I was angry with my foe:
I told it not, my wrath did grow.
And I water’d it in fears,
Night and morning with my tears;
And I sunned it with smiles,
And with soft deceitful wiles.
And it grew both day and night,
Till it bore an apple bright;
And my foe beheld it shine,
And he knew that it was mine,
And into my garden stole
When the night had veil’d the pole:
In the morning glad I see
My foe outstretch’d beneath the tree.
- A Poison Tree, William Blake
All About Me!
My name is Galdur, and this is my website. I enjoy a lot of
things, mostly writing, but I also have a deep interest in
Linux, coding, math, science, games, art, music, philosophy,
gothic aesthetics and politics. I also have passing interests
in anime (I can count all the anime I've watched on two hands,
hence passing interest), language and hiking. I've made this
site as a hub for my art projects, which will all be largely
personal and introspective, however I will also do some
which are focused on the outside world. It's a kind of penance
for mistakes I have made in the past, but also therapeutic for
me. Sometimes, you need a void you can just shout into. This
site itself is my little work-in-progress, It's an art project,
an attempt to express myself in a more succinct and "true" way
by coalescing all of my art into one monolithic project. It'll
be rudimentary at first, rough around the edges, and as I learn,
it'll develop with me. As close to a mirror of life as I'll
be able to achieve.
I apologize in advance for how "collegiate", novice,
pseudointellectual or whatever other rude adjectives you can
come up with to describe how my writing at the moment just
fucking sucks. It's a passion I've been neglecting for a couple
years, I need to shake off a lot of rust before I start writing
what I can be proud of. That doesn't mean I'm simply going to
not upload what I've written though. If you're someone who's
going to look down on someone working to develop themselves and their
hobby and disparage them because what they do in the beginning
inevitably sucks, leave. This stands for life as well.
Leave if you're going to look over my own past to either
make yourself feel superior or to believe it's shameful. I'm
going to be brutally honest about myself on this site, I've
previously just dodged my past and it feels disgusting and
cowardly. You have every right to judge, you have every
right to leave, just don't bother pointing out how I've been
imperfect in a past endeavor that I've already admitted to being
a poor effort on my part. I know I have, and I'm either in the
process of fixing it and making reparations, or already have.

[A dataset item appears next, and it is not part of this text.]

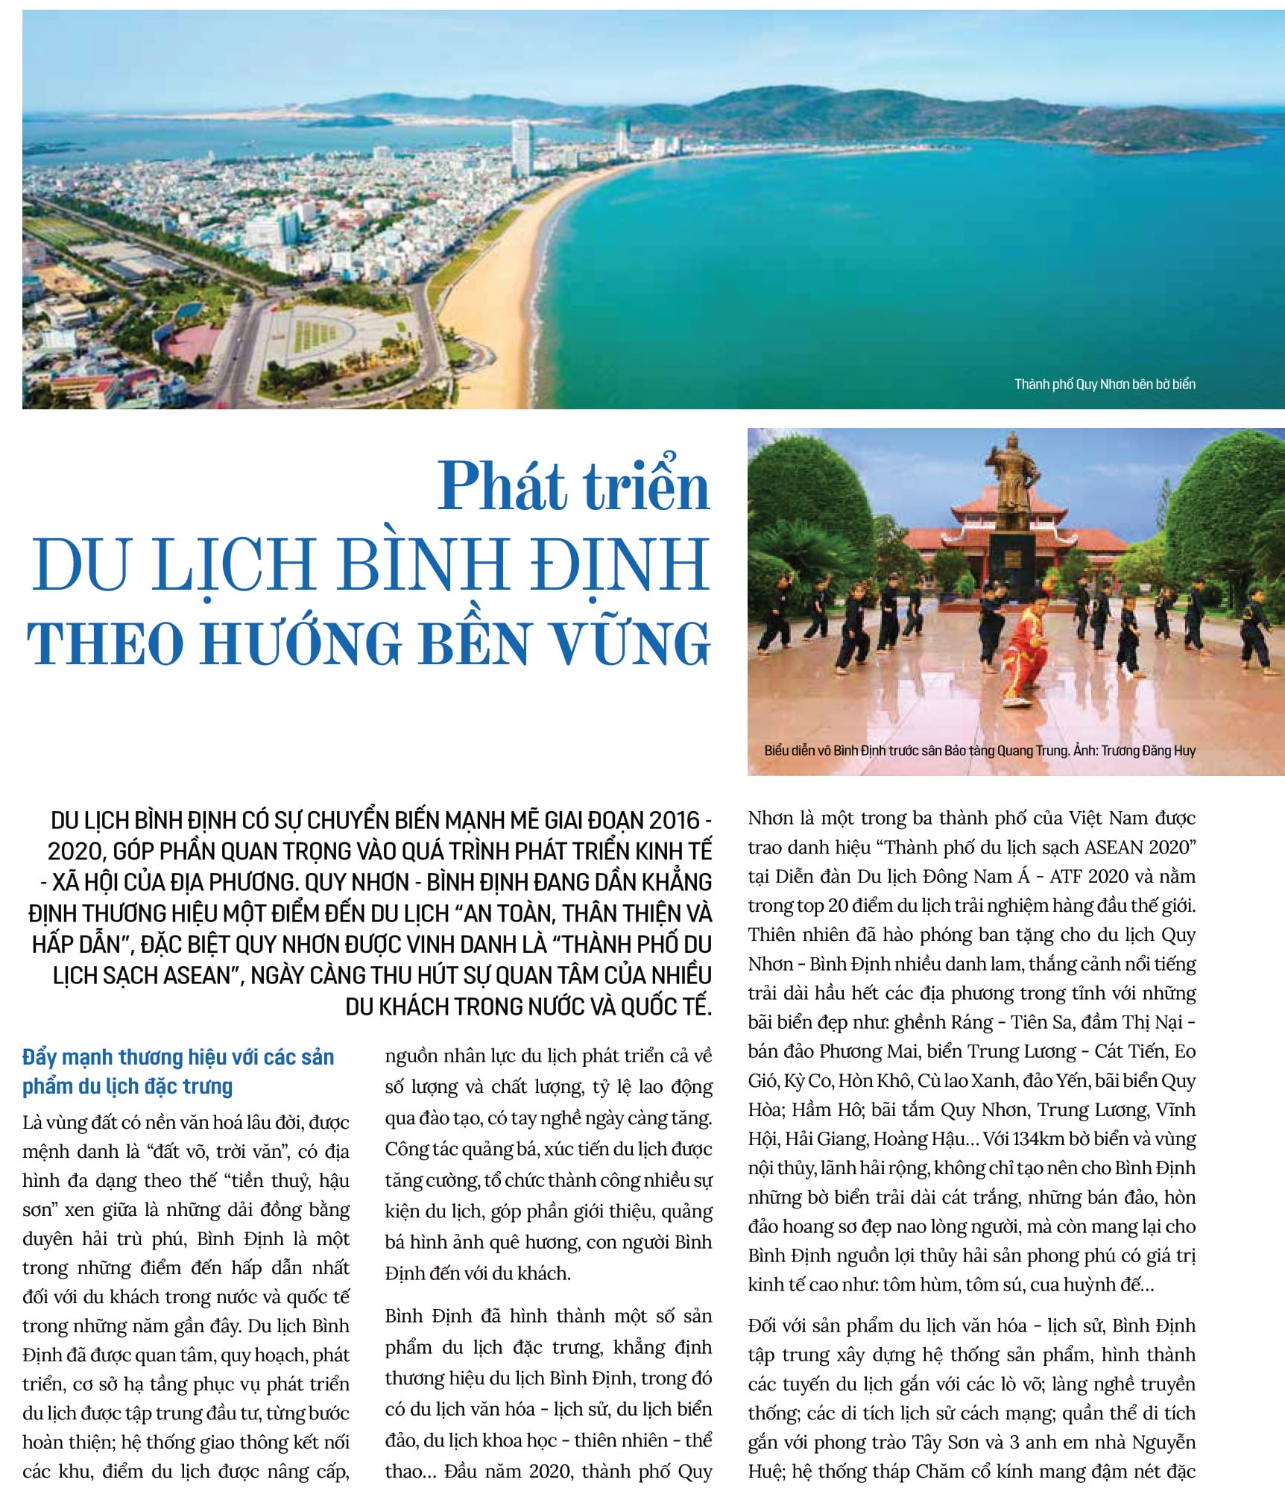 Du lịch Bình Định: Với thiên nhiên hùng vĩ và các di tích lịch sử đa dạng, Bình Định là điểm đến hấp dẫn cho những người yêu thích du lịch. Những hình ảnh về đất nước sở hữu bờ biển đẹp nhất Việt Nam sẽ khiến bạn thích thú và muốn tận hưởng những khoảnh khắc thú vị tại đây.

Feel free to criticize my present self and anything I haven't
yet acknowledged though, hold me to task! The goal for me is to
better myself and what I do, I'd love help. I just dislike
intentional uncharitable behavior, it's an immature action
I've been guilty of in the past, so I don't want people to make
the same mistake.
I'll be honest, I did not expect to find that neocities had
some social-media-esque features. I apologize if I'm a little
lacking in the networking department in any regard, when I
made this I just wanted a place to express my thoughts which
was open to passers by, but not in any way that draws attention.
Regardless I'll be working on this as much as I can, it feels
like a different atmosphere from standard social media anyway,
and it was that which I wanted to escape. It may be a while
before I add support for other resolutions and mobiles, maybe
even certain browsers wont be perfect. You'll also have to
forgive the fact that I'm still going to upload the unfinished
stubs of projects to continue whenever I can, and it'll probably
make the site a little messy at times (this will be made all the
worse by the fact that I work iteratively and in a revisionary
fashion to optimize whatever I create).
To be Continued...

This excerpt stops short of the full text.